Europeans are increasingly buying Chinese cars and equipment. China’s growing trade power has become a headache for Germany and the entire European Union.
BERLIN Did you think that mainly tilpe wool and easily manufactured products such as T-shirts or face masks are imported from China to Europe?
If you thought so, you were wrong. Now, the share of Chinese products, especially in the highly processed industrial goods, machines and cars used in the EU, is increasing.
At the same time, Germany’s traditional strong position as a producer of these is shaking. The share of German products in imports from other EU countries has decreased.
In the graphic below, you can see how, for example, the import of medicines, information technology and electrical equipment from Germany and China to the EU has changed.
The cornerstone of the German economy is the car industry, and China is a problem for it in at least two ways.
First of all, Chinese cheap electric cars are coming to Europe in ever greater numbers – and so to Finland. Chinese-owned Geely and MG have already taken third and fourth place in the list of the most popular electric car brands in Europe, says Handelsblatt economic newspaper.
At the top are the American Tesla and the German Volkswagen, in that order.
At the same time, the demand for German electric cars has declined. Their orders this year have only been 60 percent from last year’s level.
The Chinese also want electric cars
Second, German car factories are struggling in the Chinese market and losing their positions there as well. In addition to Volkkaris, the sales of Bemars and Mersues in China will also decrease.
For a long time, German car brands trusted that the demand for combustion engines in China would only continue to grow. For prosperous Chinese, German luxury cars were status symbols, while Chinese brands were considered technologically backward.
Now the wind has turned and the Chinese have also taken a liking to electric cars. It’s a big problem, especially for Volkswagen, whose combustion engine cars are sold in China almost every second one.

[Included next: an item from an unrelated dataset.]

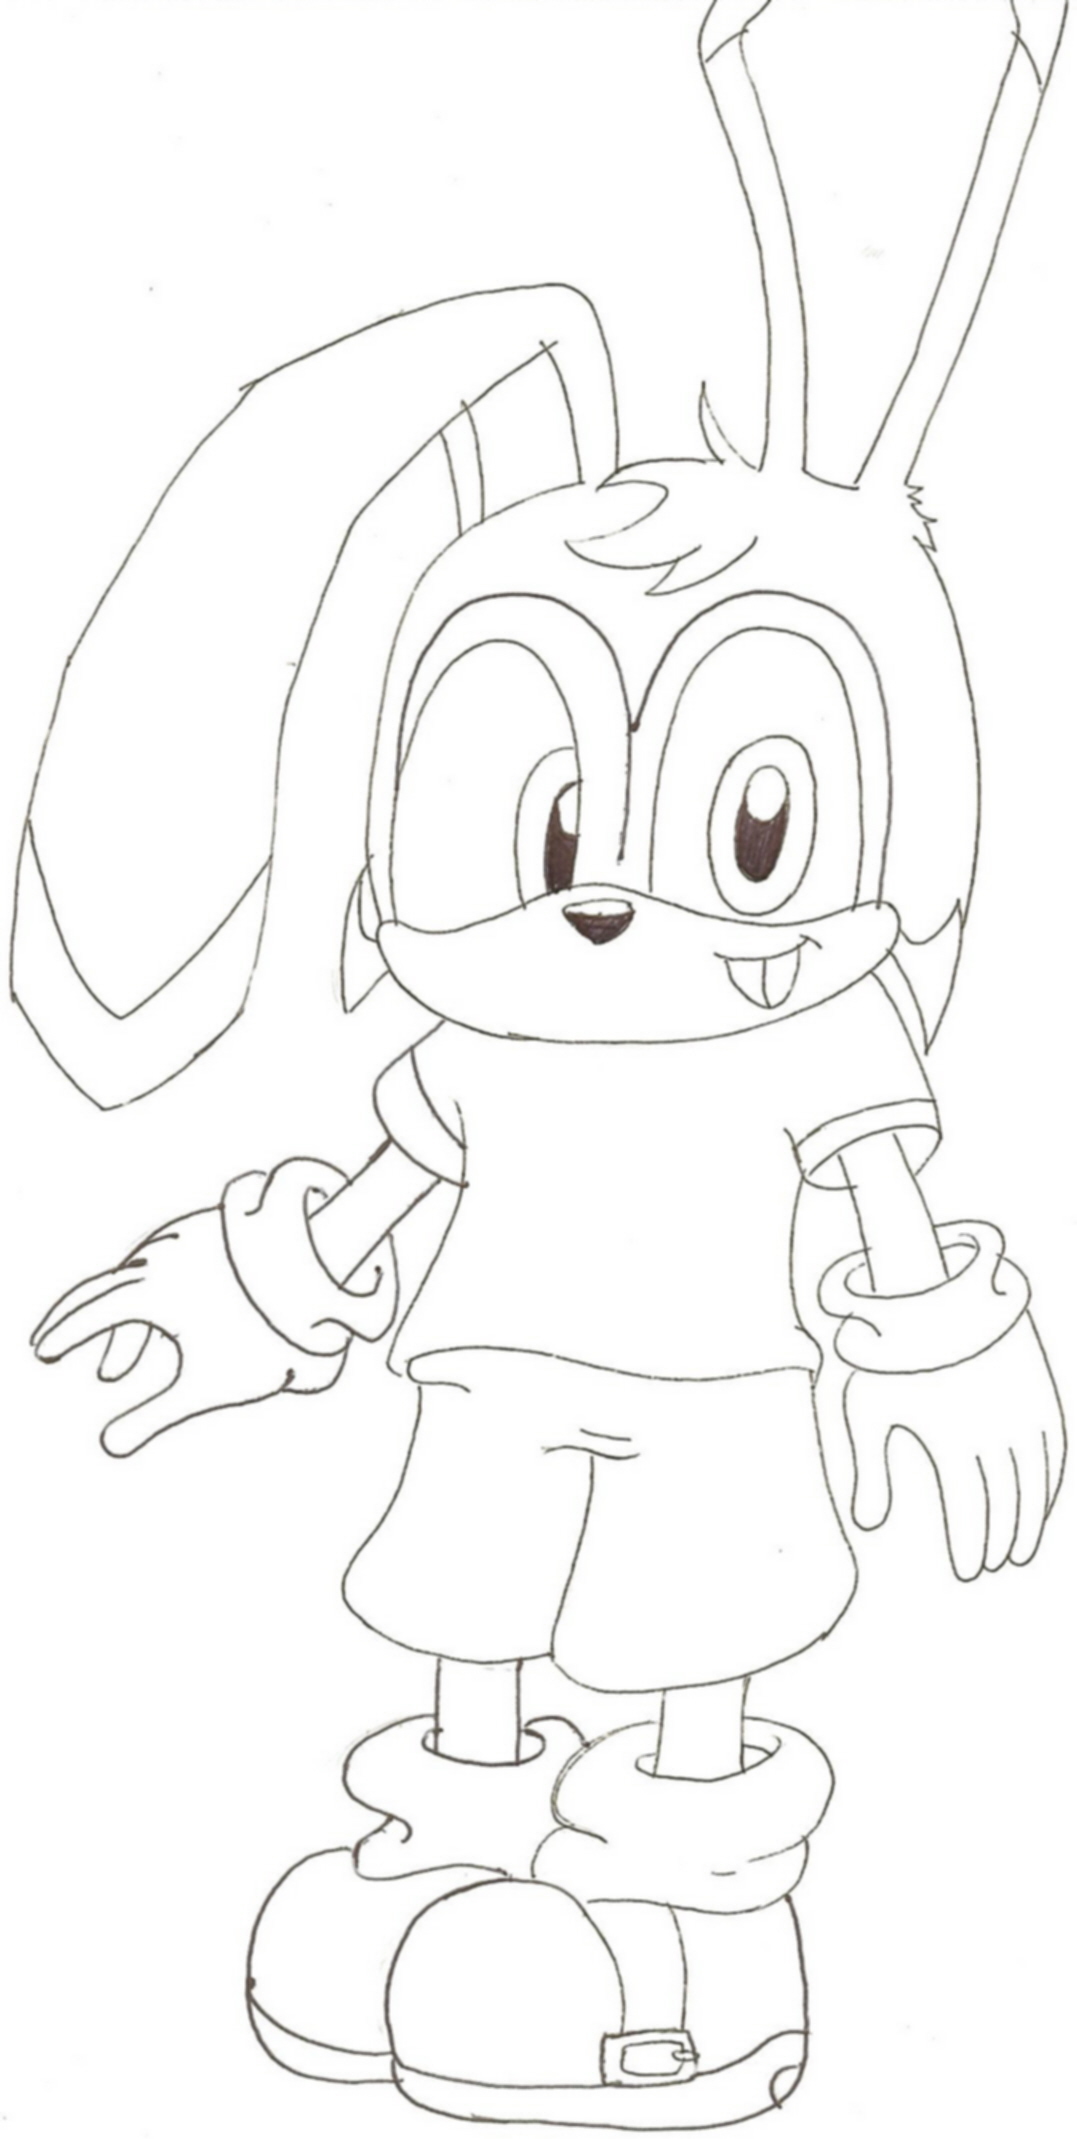 Berry the Bunny by jkgoomba89

However, German companies have invested increasingly large amounts of money in China in recent years, as shown in the following graphic. So the stakes are high.
More on the subject: Europe strives to break free from its dependence on China – however, statistics show that imports have doubled on the contrary
Germany drew up a China strategy
The German government would like to reduce its dependence on China, as the Russian war of aggression showed the risks of colluding with authoritarian states. China is clearly an even bigger trade partner for Germany than Russia was.
Chancellor By Olaf Scholz the government recently announced a special 64-page strategy to reduce dependence on China. How to implement it concretely is a more difficult matter.
In any case, the purpose is to try to identify the vulnerabilities of the economy, to make German companies aware of the risks of doing business in China, and to make it clear that the federal government will not bail out companies if they get into trouble.
A new phenomenon is that Chinese investors are increasingly turning their eyes to Germany. Hamburg’s port terminal is already a quarter owned by the Chinese.
The German Ministry of Economy is currently investigating several Chinese purchase offers from German companies. Just a couple of weeks ago, the ministry blocked one sale in which a German Kleo satellite company would have been taken over by the Chinese.
Read in this story how Europe’s attitude towards China has changed in a few years.
Trade between the EU and China has already swelled to 900 billion euros after the pandemic:
The EU came to support
The EU Commission recently announced that it is starting to investigate the pricing of Chinese car dealers.
In Brussels, it is suspected that the Chinese are artificially depressing the prices of their cars with state subsidies. It would weaken the competitiveness of not only German but also French, Italian and Spanish car factories.
China was angered by the EU’s settlement intentions. In its opinion, it is a “clear-cut protectionist measure”, i.e. an attempt to protect European car production from competition.
Now there is a fear in Europe that China will reciprocally impose tariffs or other additional charges on European car brands.
EU Trade Commissioner Valdis Dombrovskis will travel to China on the weekend for a four-day visit. The goal is to mediate and stabilize the business relationship. If Dombrovskis does not succeed in detente, diplomatic relations may become even more complicated.
This graphic shows how EU countries import many times more machinery and equipment from China than, for example, ten years ago.